Instructions to follow - All of the data below should be set down again verbatim, without any images.

Data provided -
● ● ● ●

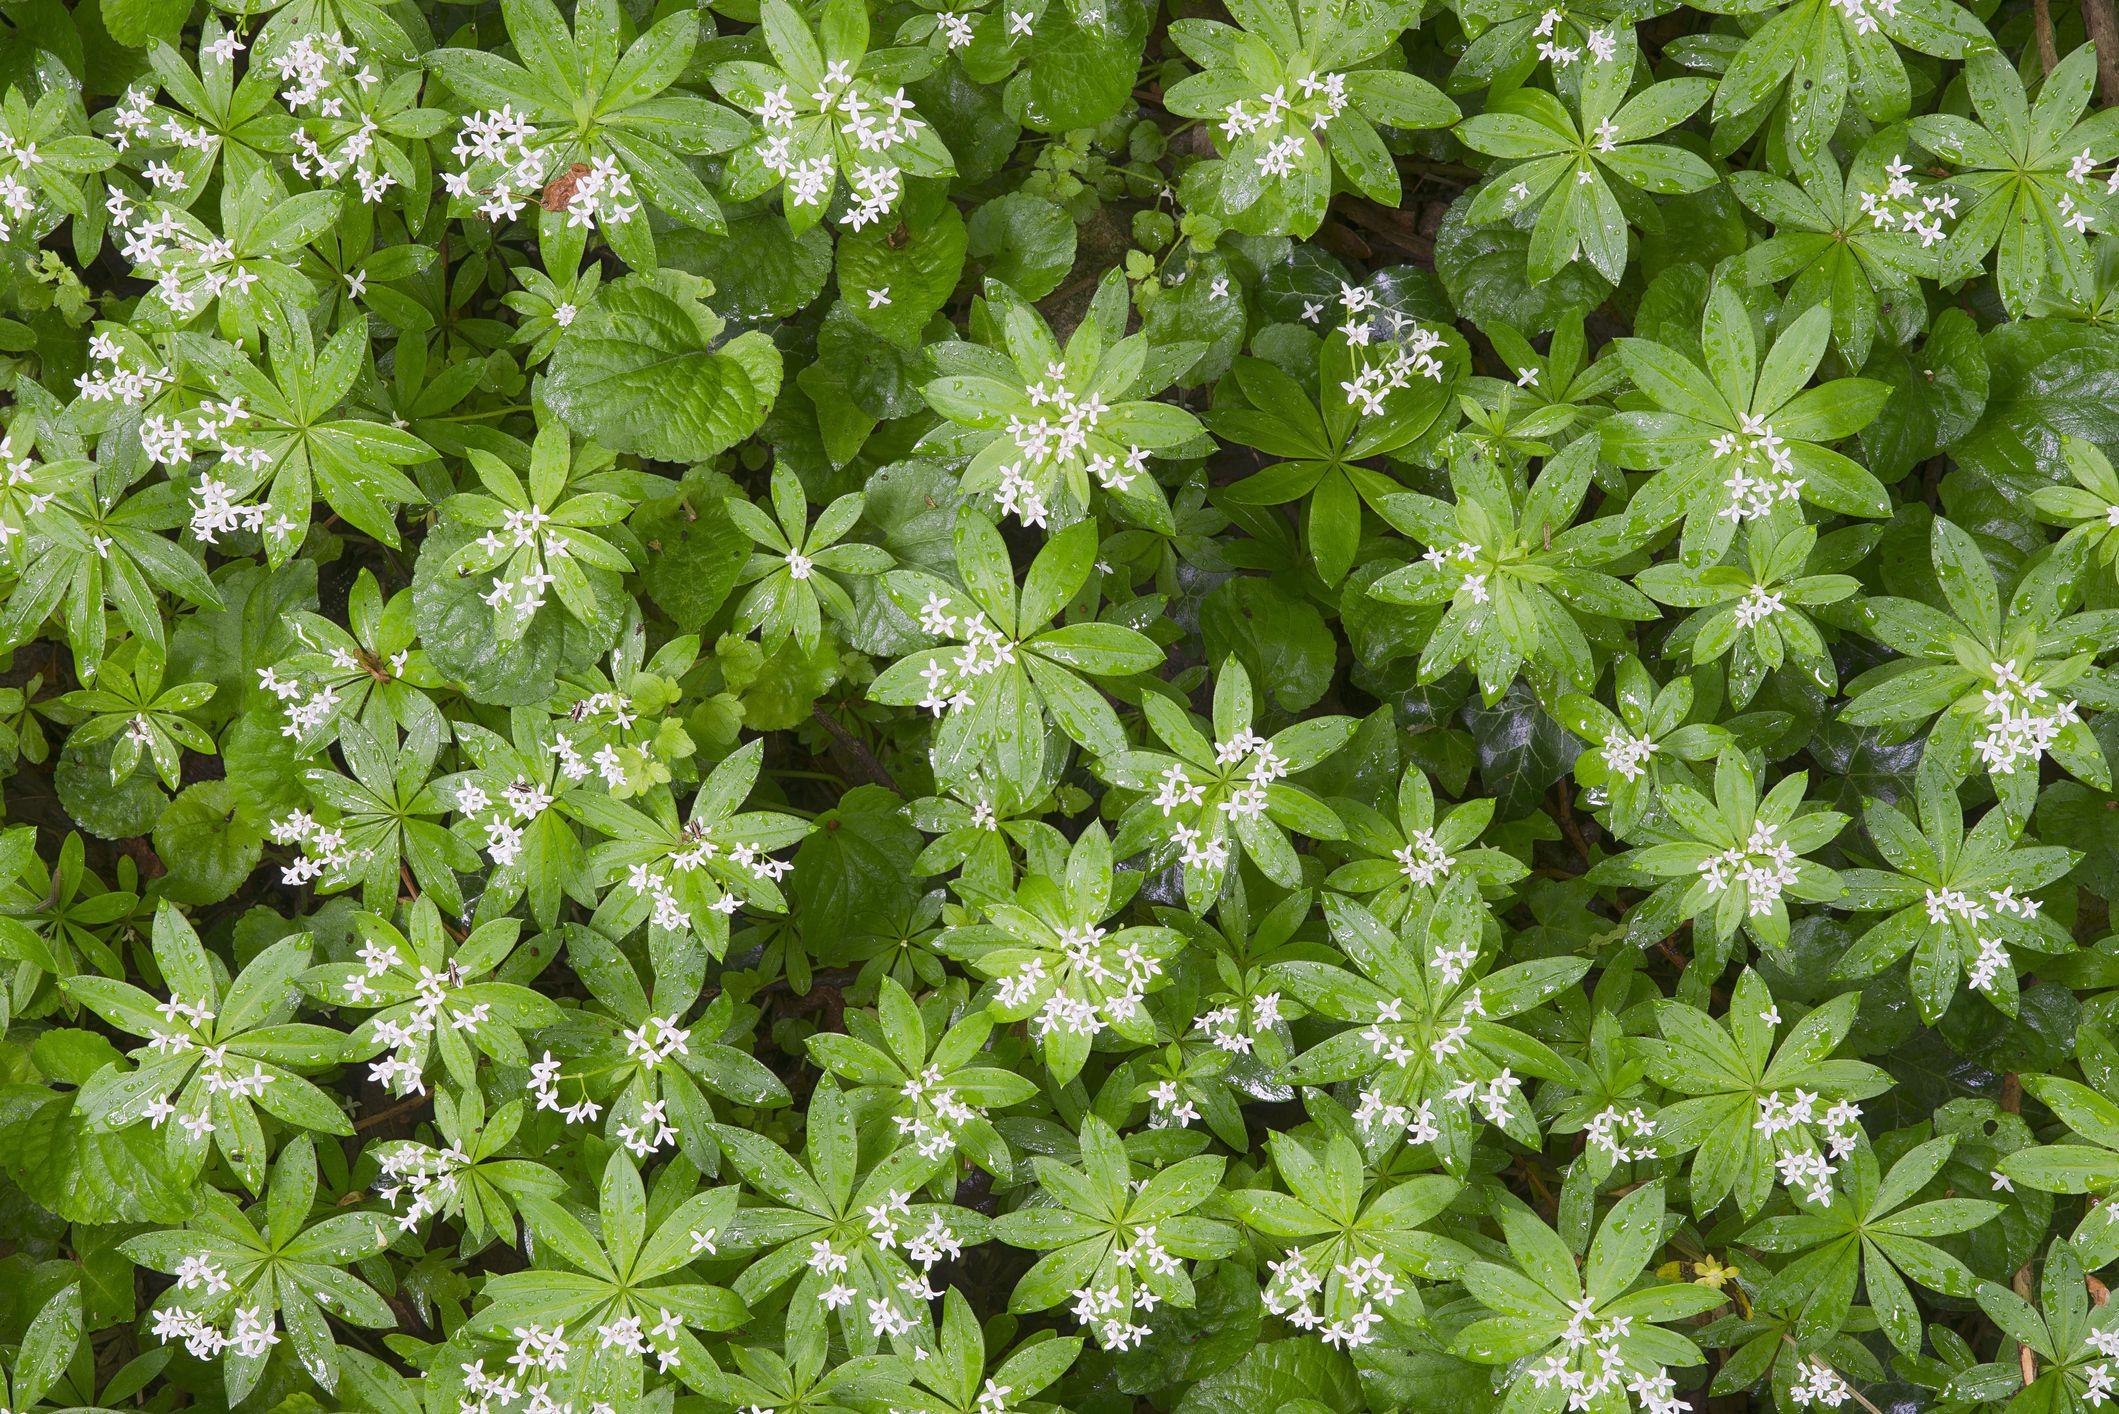 Sweet Woodruff or Wild Baby's Breath (Galium odoratum), Perchtoldsdorfer Heide, Perchtoldsdorf, Lower Austria, Austria
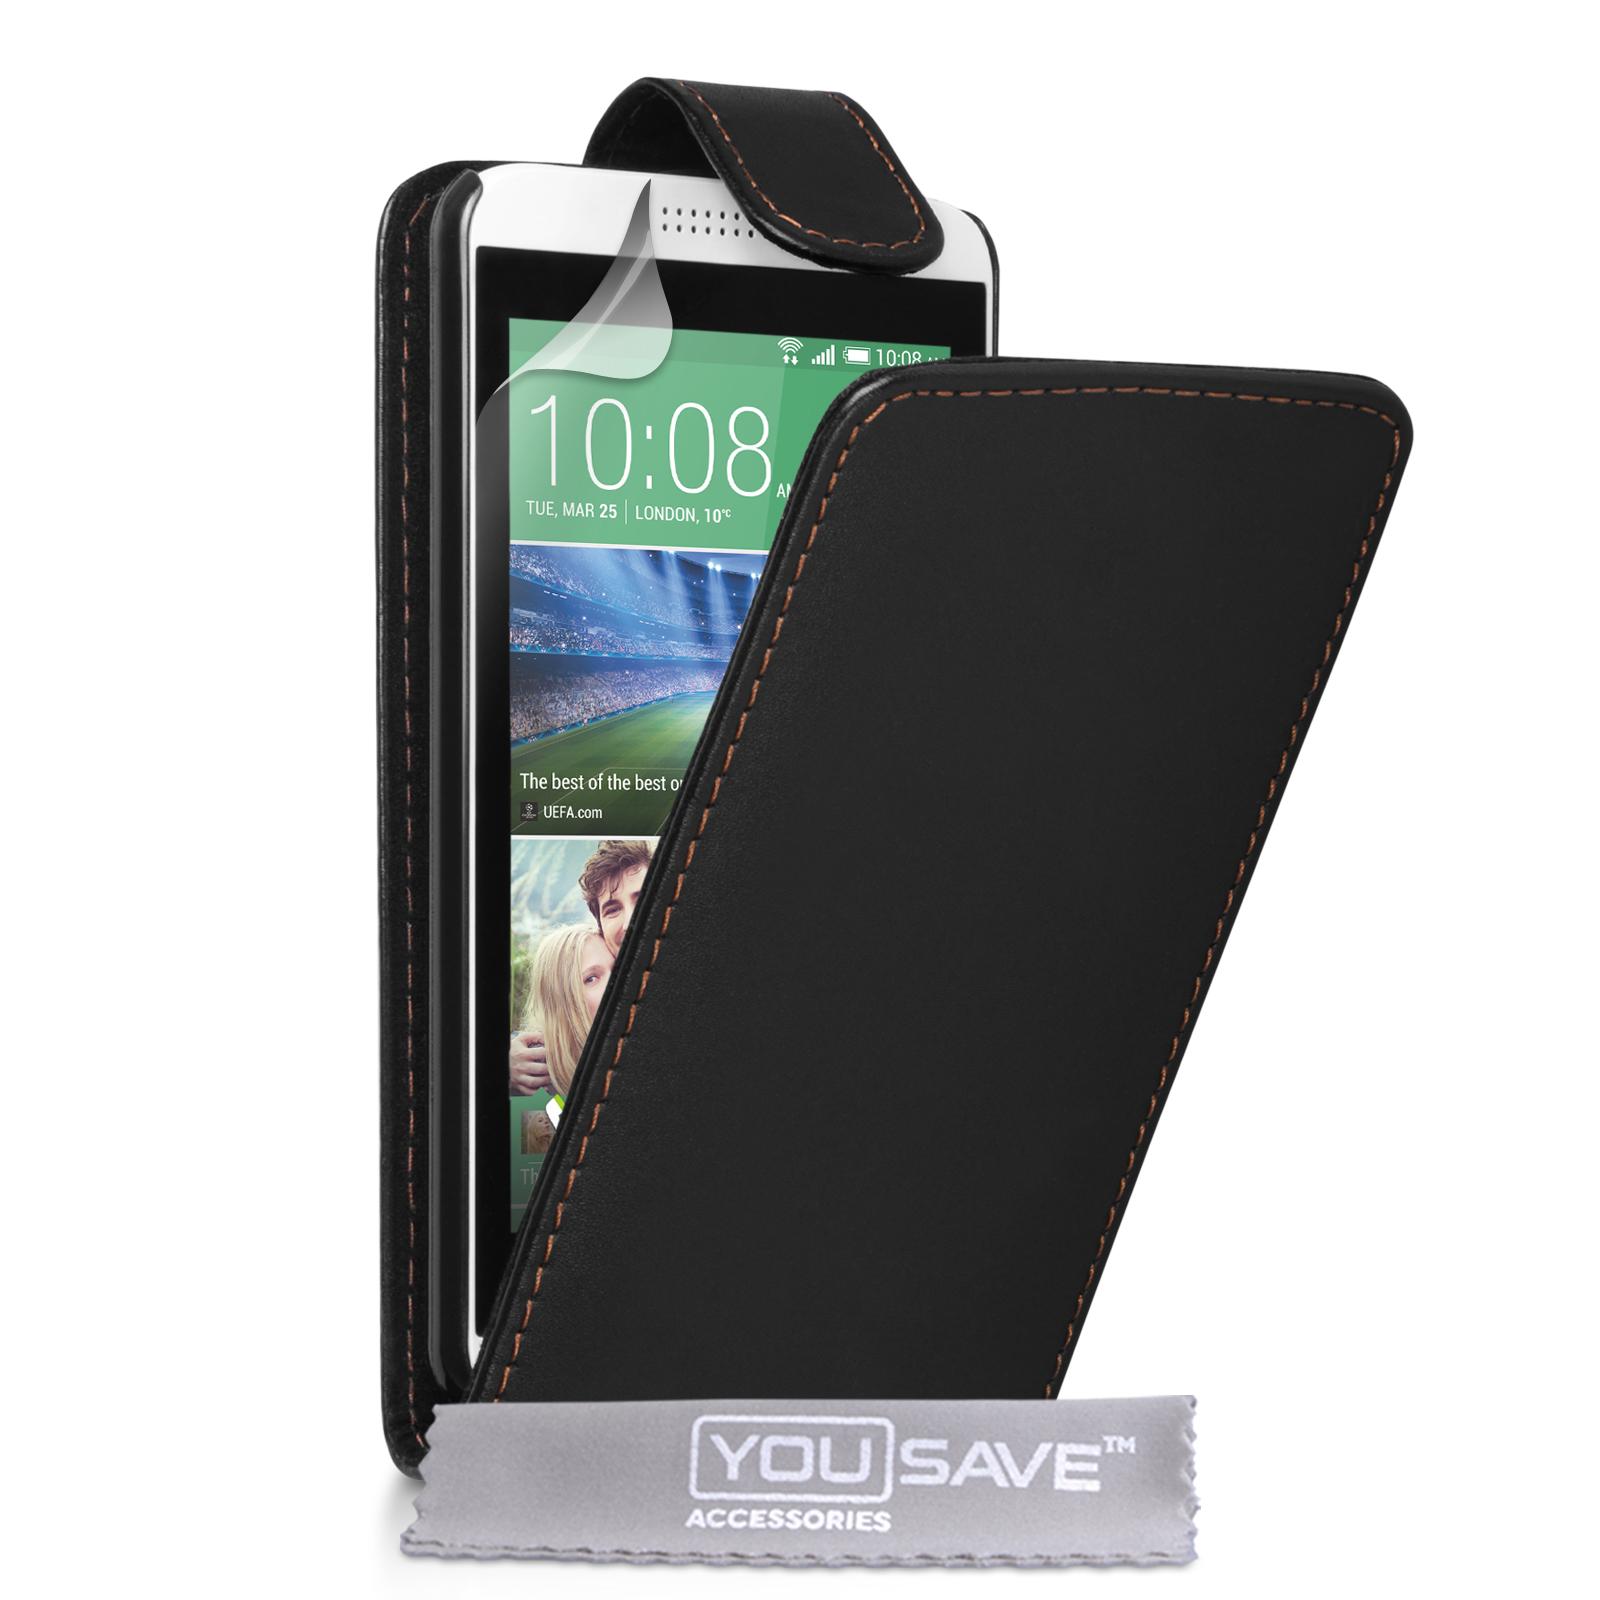 Flip Θήκη HTC Desire 610 by YouSave (Z443)
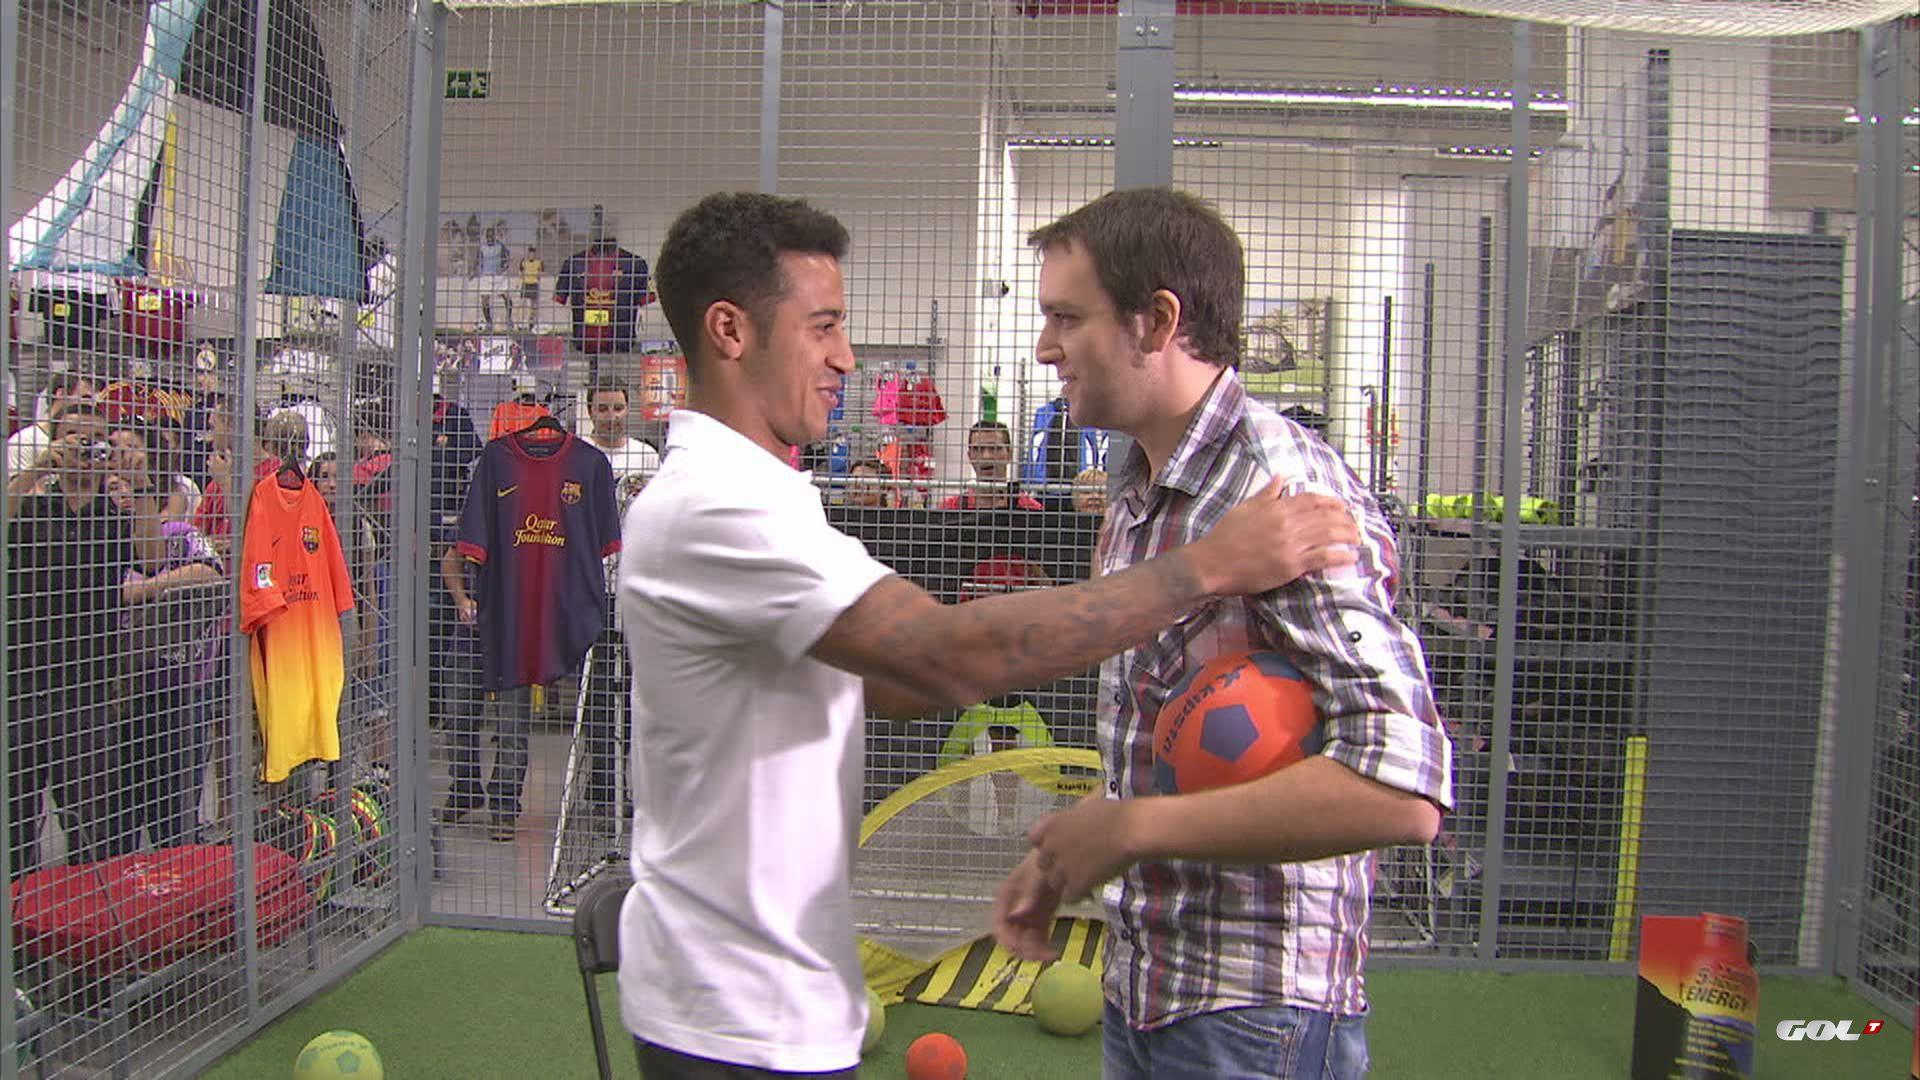 Thiago Alcántara, a Barça footballplayer, talks with our reporter, Rodrigo Fáez. Coming soon in La Liga World.
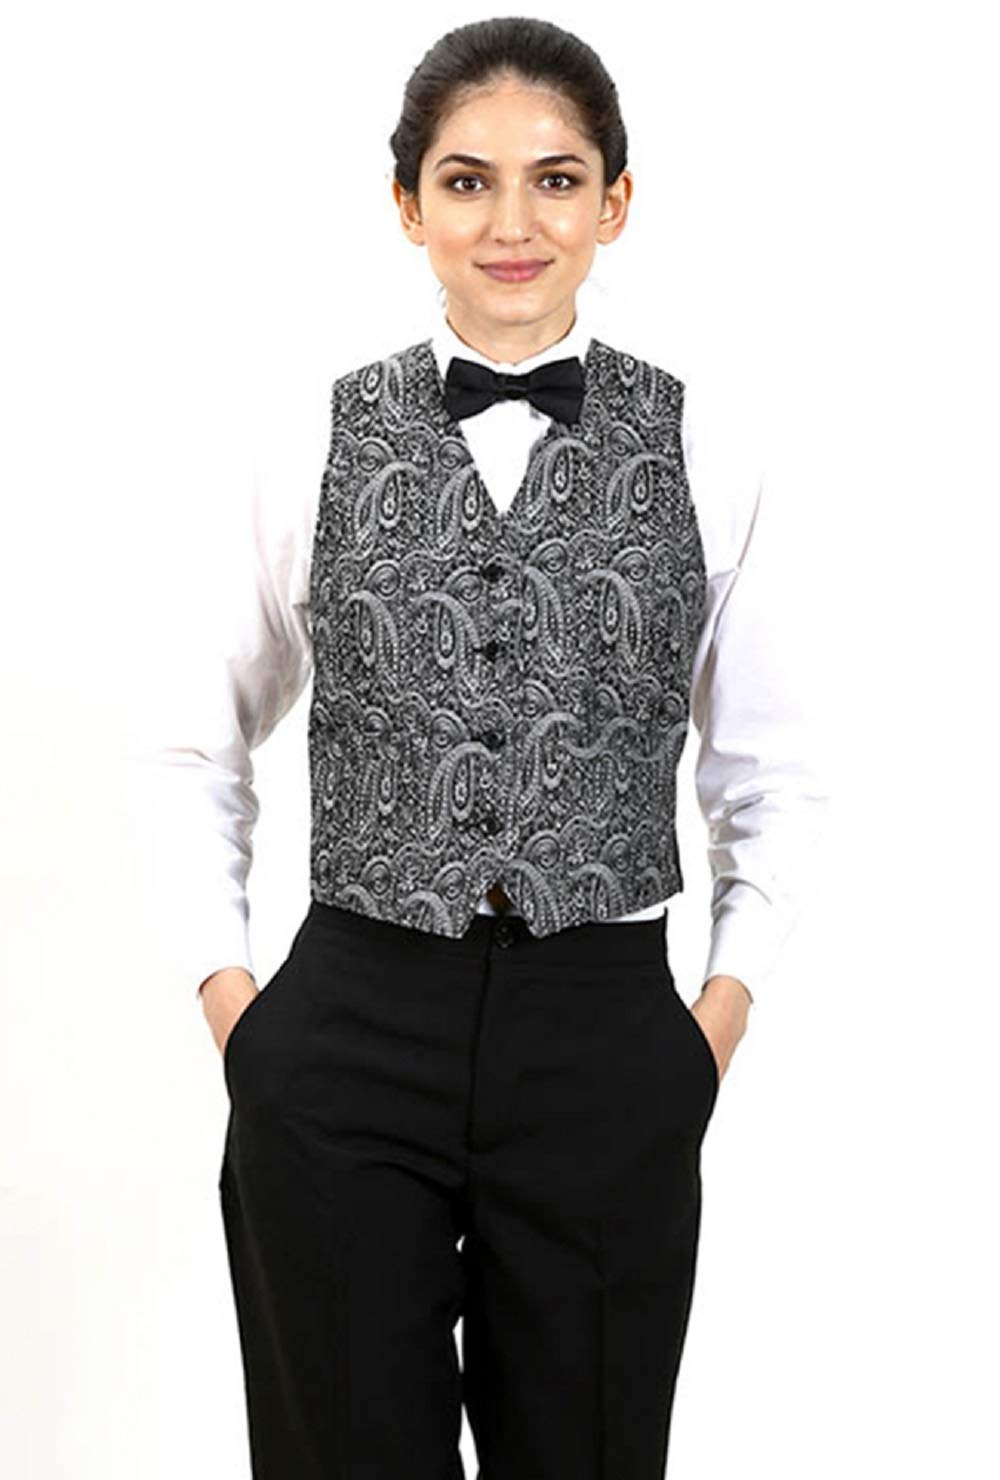 SixStarUniforms Women's Silver Formal Designer Business Suit Paisley Pattern Jacquard Vest Medium by SixStarUniforms

● ● ● ●

Task solution -
 Sweet Woodruff or Wild Baby's Breath (Galium odoratum), Perchtoldsdorfer Heide, Perchtoldsdorf, Lower Austria, Austria
 Flip Θήκη HTC Desire 610 by YouSave (Z443)
 Thiago Alcántara, a Barça footballplayer, talks with our reporter, Rodrigo Fáez. Coming soon in La Liga World.
 SixStarUniforms Women's Silver Formal Designer Business Suit Paisley Pattern Jacquard Vest Medium by SixStarUniforms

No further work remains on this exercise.